Some of the best jazz in music often comes from obscure artists from unknown origins with pluralistic ideas. But in the United States and beyond its Continental borders, these thoughts are commonplace and many of the artists who create their own version of jazz have a legion of fans who follow them fervently. Another important fact can be found in the notion that unprecedented styles, such as acid jazz, chill out and lounge music, can be considered direct descendants of American jazz. In recent years, the United States has seen the Blue Knights, St. Germain, Paul Hardcastle, Courtney Pine, The Brand New Heavies and United Future Organization come into the forefront of activity, all of whom have added a different perspective on jazz.
In recent years, the emergence of Reinmar Henschke and Volker Schlott has added another instrumental influence. Their latest CD entitled Café Thiossane is etched in the very essence of the so-called acid jazz movement, which is a definite eye-opener for those jazz connoisseurs who lean more toward the untraditional styles. In addition, Café Thiossane may have the same level of impact on the so-called acid jazz/lounge music scene, as did Miles Davis’ Birth of the Cool when it was released in 1950. On Café Thiossane,’ Reinmar Henschke and Volker Schlott combine their melodic keyboard, saxophone and electronic expertise to create a unique musical awakening.
This CD is the end result of a chance encounter in 1990, when the two artists performed together with Japanese composer Rei Harakami on something called the ambienT’Tronic Projekte. That performance led to a series of recordings, culminating with the release of Café Thiossane. Their visionary thoughts have brought together the elements of acid jazz, American influences, electronic music and numerous other creative ideas to compose music with a different level of attachment.
From the onset of this highly innovative CD, Henschke and Schlott push the envelope of intuitive thought to compose electronic jazz imagery. In many ways, this album is not for the faint of heart, especially when evaluated by jazz purists, but some who may long for the unusual will find Café Thiossane intriguing. Although this release has varying elements of improvisational structure assigned to its theme, the argument most often heard is that this music is not jazz, mainly due to the CD's electronic composition.
For some, jazz has always been about change. Many of the more radical artists, including Eric Dolphy, John Coltrane, Ornette Coleman, Charles Mingus and Miles, have been responsible for changing the mind set of traditional thought processes. It is quite apparent that Café Thiossane may never be viewed in the same category as some of the more influential changes the genre has seen, but Cafe Thiossane does have merit as a mind bender.

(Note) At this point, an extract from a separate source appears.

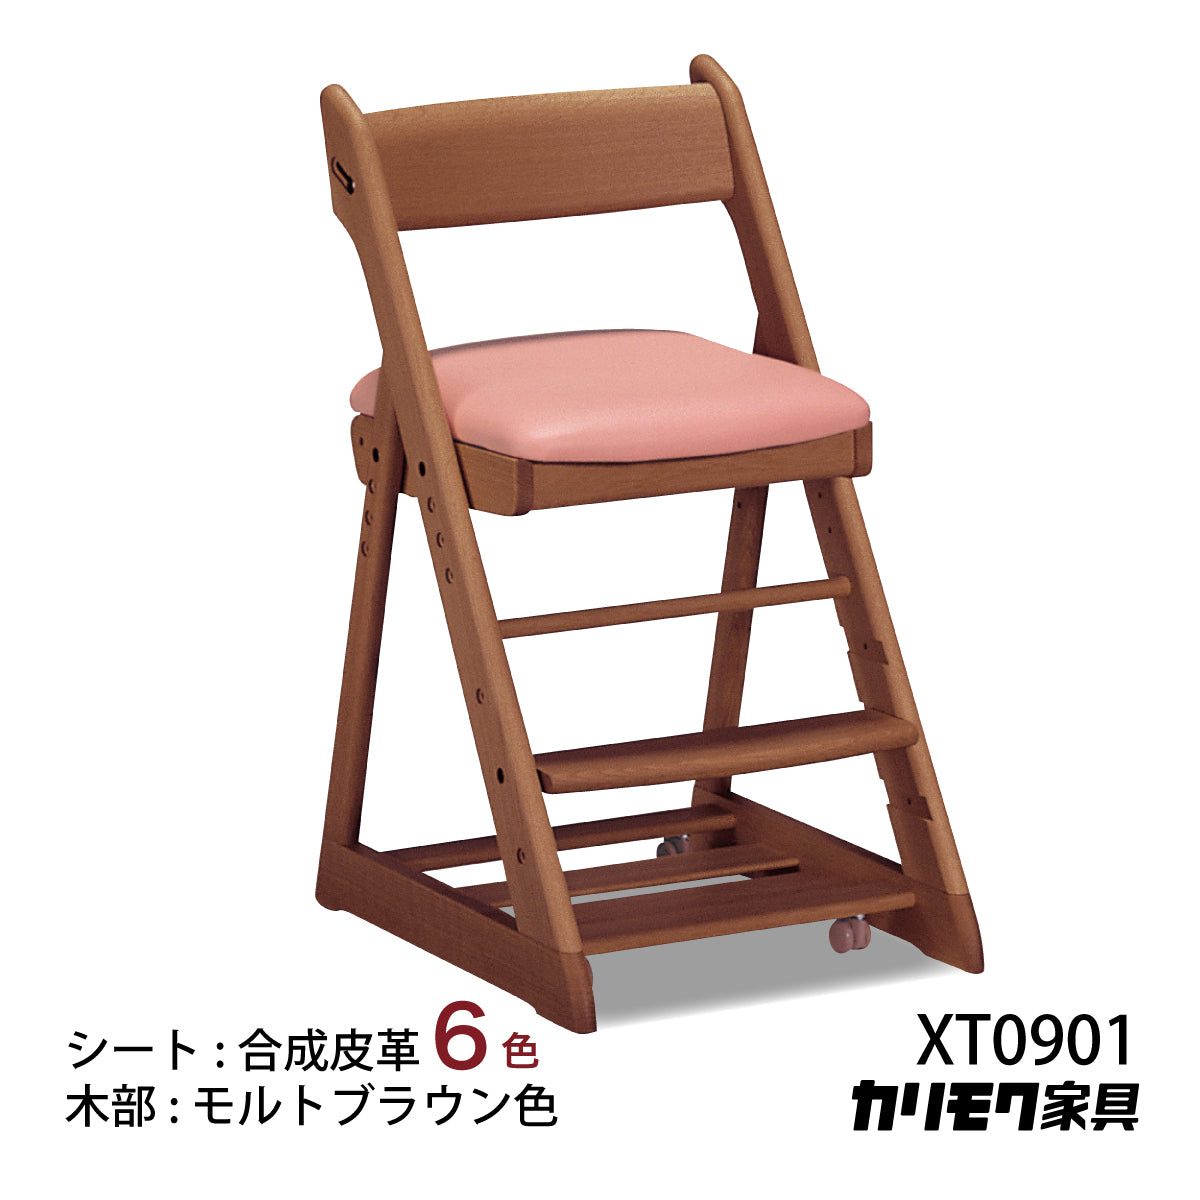 カリモク 学習椅子 XT0901 モルトブラウン色 オーク材 デスクチェア

That very aspect of interpretation alone may not be important in the whole scheme of what most aficionados prefer in their music. However, what is significant is the amount of impact jazz has had around the globe and in society. In the end, the genre has been one of America’s greatest exports and an ambassador to the world. Jazz is now being returned to the United States as an import with a myriad of dramatic influences attached. Kudos to Reinmar Henschke and Volker Schlott for providing a jazz forum of a very different flavor. Even so, Café Thiossane continues to be all about change and the creative flow of ideas coming from within.